For instance, one of my big issues lately has come down to time-stamping data in sales and marketing funnels. You might think this idea is old enough to have universal acceptance but it doesn’t. Time stamps on major milestones in either sales or marketing can augment the data we collect routinely from all sources and lead to a great deal of new information.
For example, a simple subtraction operation on two time stamps can tell you how long it takes to do something such as move from one stage to another in a process and it therefore turns static data about a process into a real representation of the process itself. With that you can begin to determine average speed through a stage or the entire pipeline and deduce — for predictive purposes — what a “good” opportunity looks like from your data. Prediction is one of the grail quests of modern analytics and not time stamping shows how early we are in getting it all right.
That’s really the utility of big data in a nutshell and the opportunity of predictive analytics; a simple tweak that provides significant business value. But we’re not there yet, at least not all of us and that brings be back to the Wayback machine. DataWeek convinced me of how early we are in the data revolution and how much we need to do to truly enable our front office business processes to run on information.
While we’re at it, perhaps this is a good time to seriously consider what we call the era that is being shaped by big data. While it’s true that data is at the core, the business need, and something that wasn’t much in evidence at DataWeek, is for knowledge. Knowledge, and not raw data, is what people use to make business decisions and it is delivered whenever information enters a brain to be manipulated and evaluated. Naming a show, or an era for that matter, after its most salient feature rather than after some benefit is not the best way to enlist powerful new followers and the big data movement could use a few more big thinkers.
While big data and data more generally is all the buzz these days, it is not helping people envision a solution that makes life better or more profitable. Perhaps this is a partial explanation of the hype-cycle, the early phase of a market when the promise of a new technology begins to greatly outstrip its ability to deliver tangible results. We’ll get through that phase as we usually do and on the other side things like DataWeek will get new names as we figure out how to make money through simple applications of big concepts — like time stamping.
Data, Information, and Knowledge

I still see far too many examples of content confusing the ideas of data and information. Sometimes, it seems like a writer is simply trying to not be redundant when he or she uses data and information in the same sentence to mean the same thing. But of course they are different and the result is unnecessary confusion.
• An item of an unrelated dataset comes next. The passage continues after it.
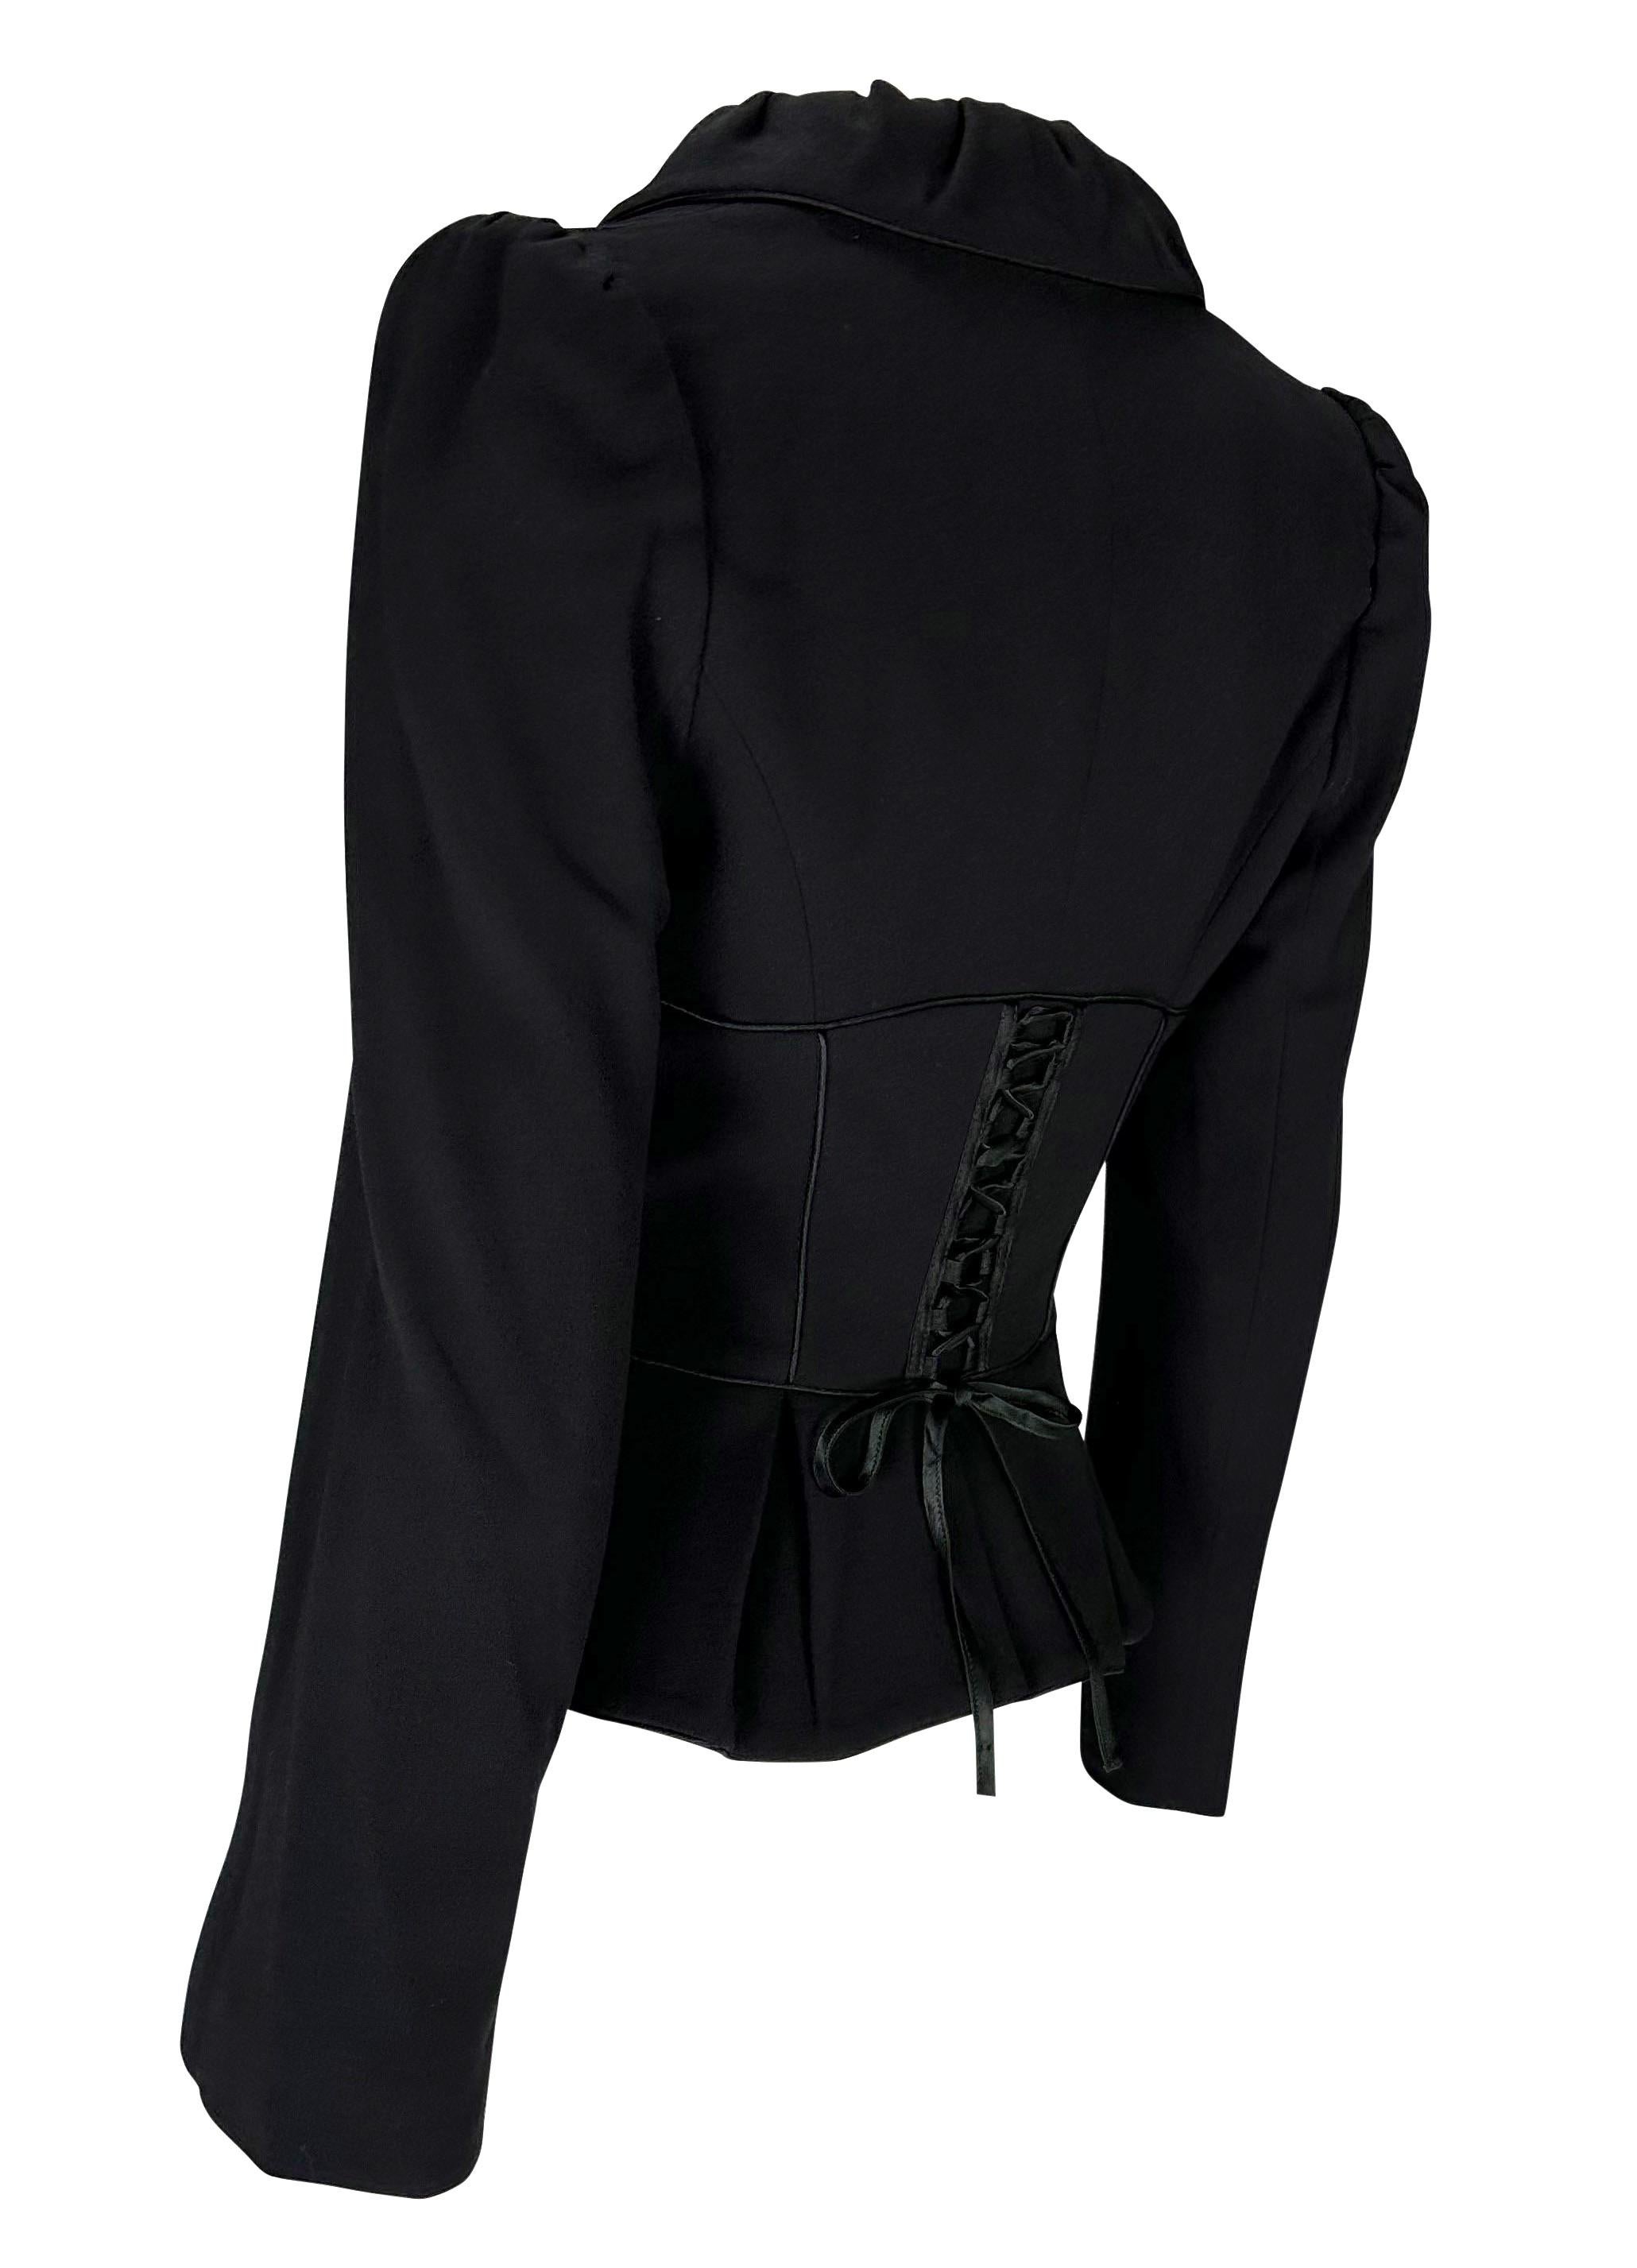 2000s Emanuel Ungaro Corset Lace-Up Black Cinched Blazer Jacket For Sale 2

I just wrote a paper for a European law journal on the topic and I learned more about the topic than is healthy for one person. The piece will be out in August. Generally, I admire the effort the Europeans are making to get it right though they are less concerned with data and information per se than they are with privacy and security. These things all intersect but in sometimes unpredictable ways. The more I think about things the less I am sure of and the more questions I have.
The European parliament is trying to figure out laws that protect individual rights to privacy, which necessarily affect what data is kept and what is not. That makes sense, and it sounds simple, but how do you do that? Does a person walking on a street have a right to privacy and thus a right to determine how you use a crowd photo? And what if a corporation like Google or a government takes the photo? Are we to prevent photos based on the premise that someone someday might do something to a person in one of the photos based on the picture? From there it gets silly but there are some concrete situations that are nothing to laugh at.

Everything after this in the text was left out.